Energy featured

Only So Much Oil in the Ground… or Gas for that Matter

January 29, 2025

“Only So Much Oil in the Ground”, so sang the band, Tower of Power, in the titular track on their album “Urban Renewal”, which was released in 1975. Following closely on the heels of the first of the oil shocks in 1973, its lyrics sounded a strident warning about the limits of natural resources. Fifty years later, with well in excess of half of the oil and gas ever produced  having been exhumed and burned, and as viewed on an unpredictably flexing global geopolitical stage, it appears apposite to observe the way different countries are currently shifting their sources of imported oil and gas. Hence, an effective competition is underway for whatever remains, and by all trying to grab the same fossil resources, the exercise is akin to moving around the proverbial deckchairs on the Titanic, until it collides with an inevitable iceberg of depletion and begins to sink. The course of techno-industrial civilization needs to be changed, while there is still some leeway left to do so.

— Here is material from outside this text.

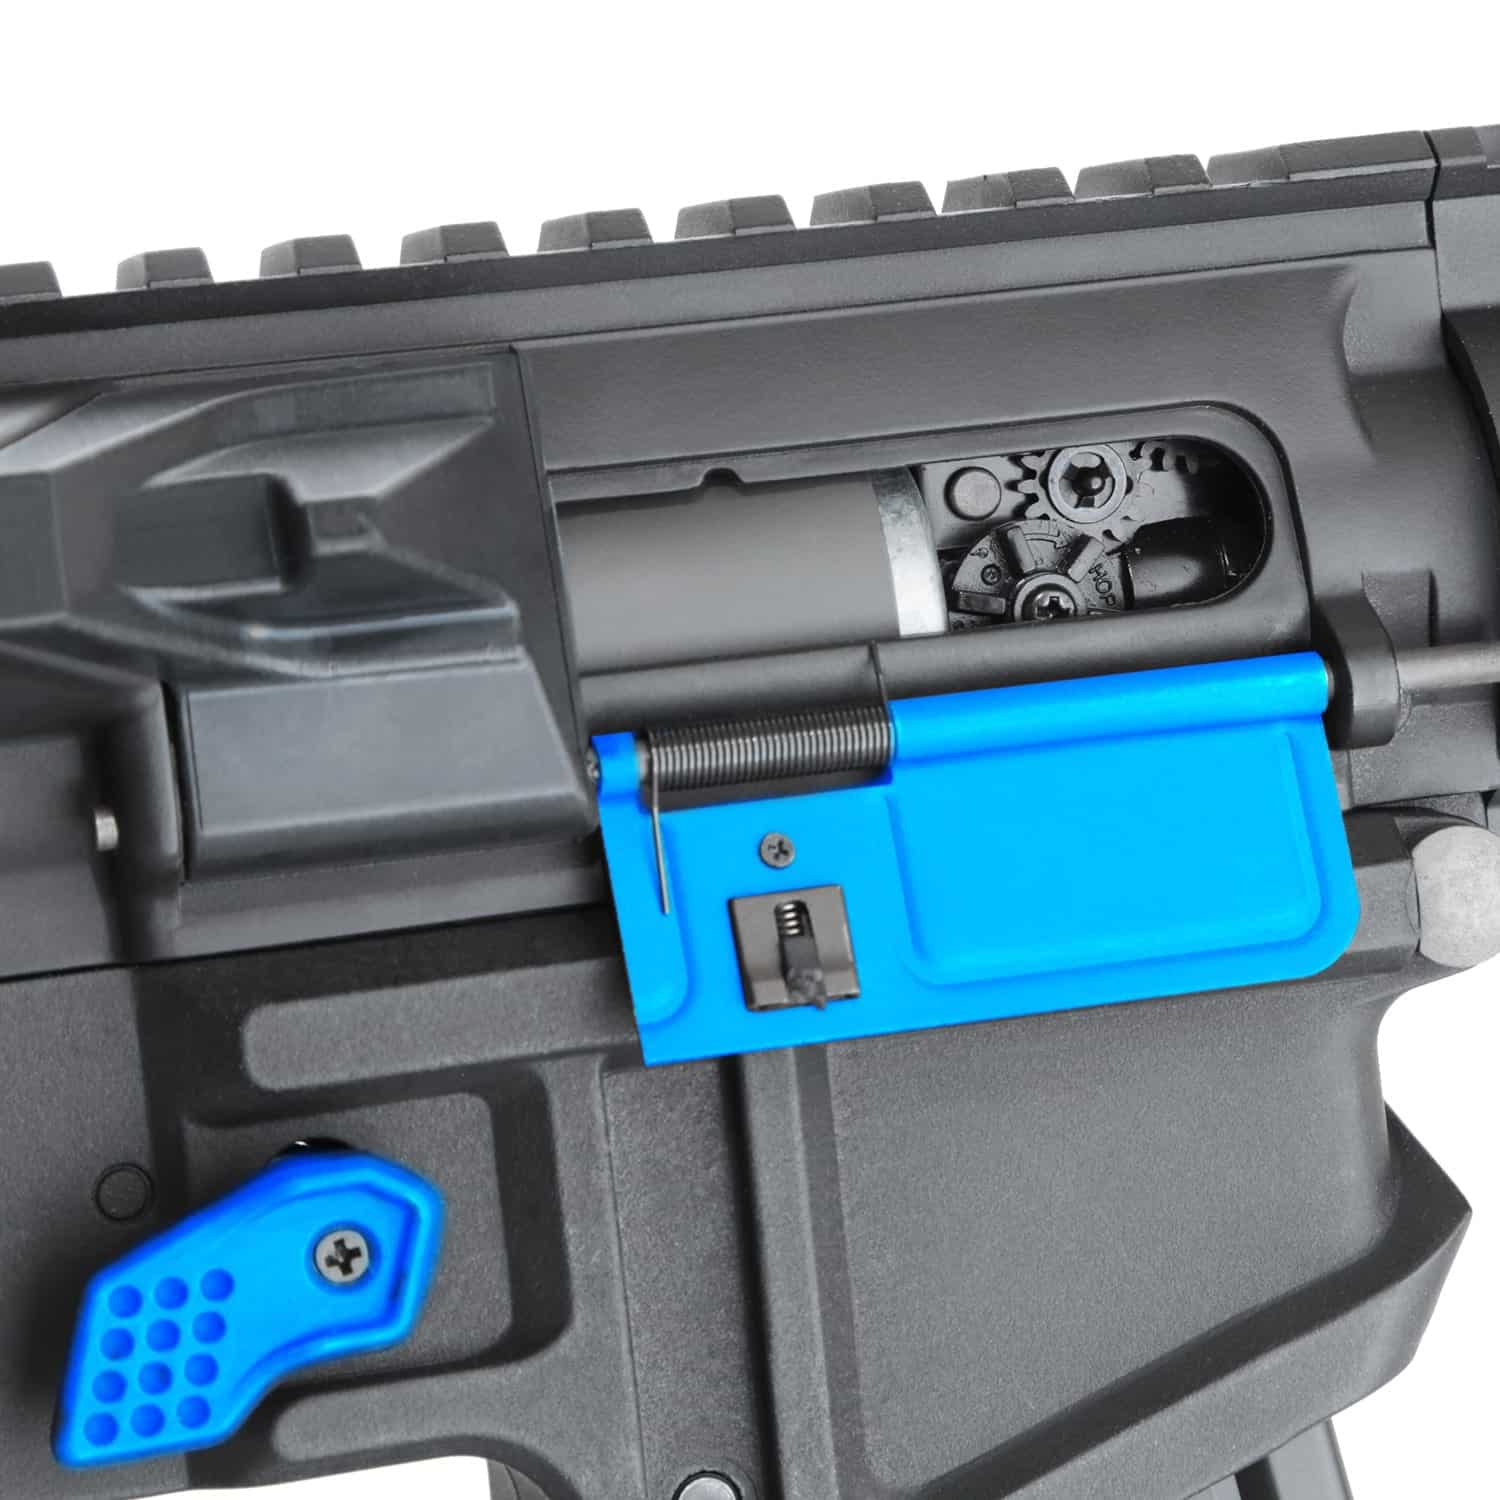 King Arms PDW 9mm SBR M-LOK - Black & Blue

The energy infrastructure in the North Sea is complex and vulnerable.  The effect of a major undersea disruptive event – of either human or natural cause – could be catastrophic. In any case, the reserves of oil and gas are limited, with about a decade’s worth each of proven oil left for Norway and the UK, and enough gas for 14 years and 5 years, respectively.

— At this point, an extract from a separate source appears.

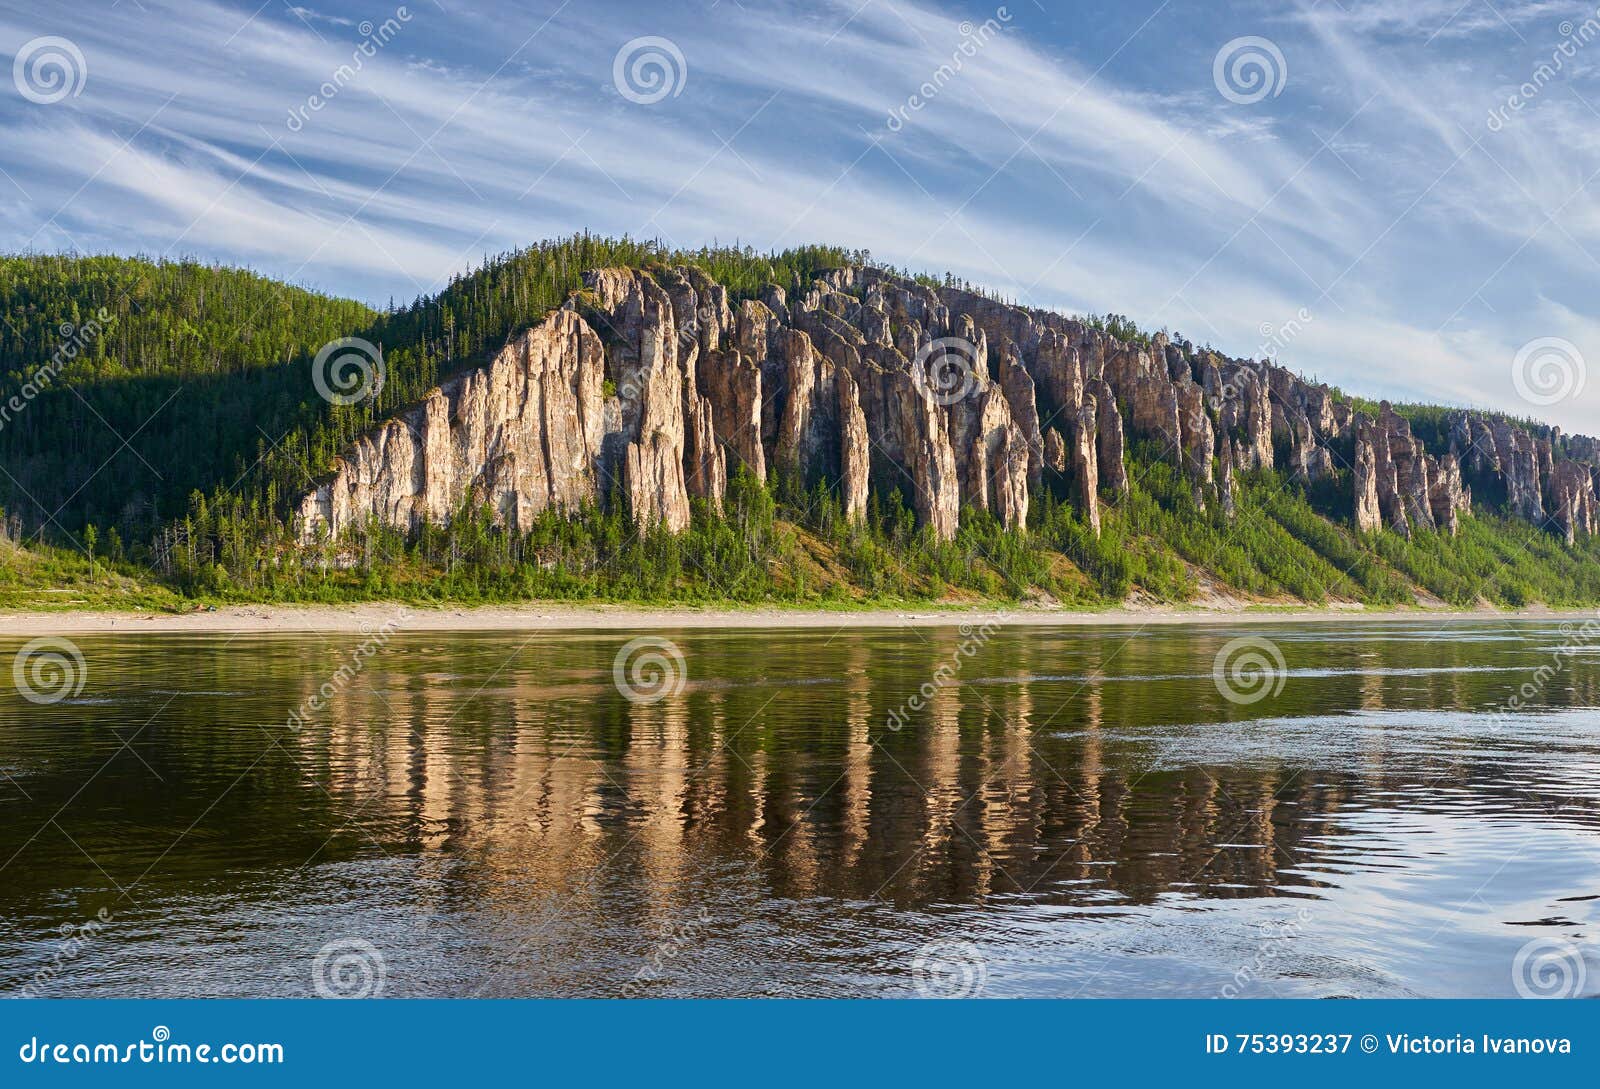 lena pillars, bank of lena river, yakutia

[The above resource lifetimes are estimated on the basis of the reserves-to-production (R/P) ratio, which is the ratio of the size of the reserve base to the annual rate of production: thus, for example, a 100,000 tonne reserve produced from at 1,000 tonnes per year should last for 100 years. This is, of course, a naive piece of arithmetic, since no material can be produced at a constant rate, right up to the bitter end, and instead, a production peak is to be expected, as the quality of particular deposits/ores declines, and the energy input, per tonne of a material recovered, increases relentlessly – eventually to the point that further extraction from a particular source is no longer worthwhile. The concept of the “burn-off time” has been introduced, which has the same formal definition as the R/P ratio; however, it has been emphasised that, while this is applicable in a stagnant economy (constant production rate), in a growing economy it overestimates the production lifetime].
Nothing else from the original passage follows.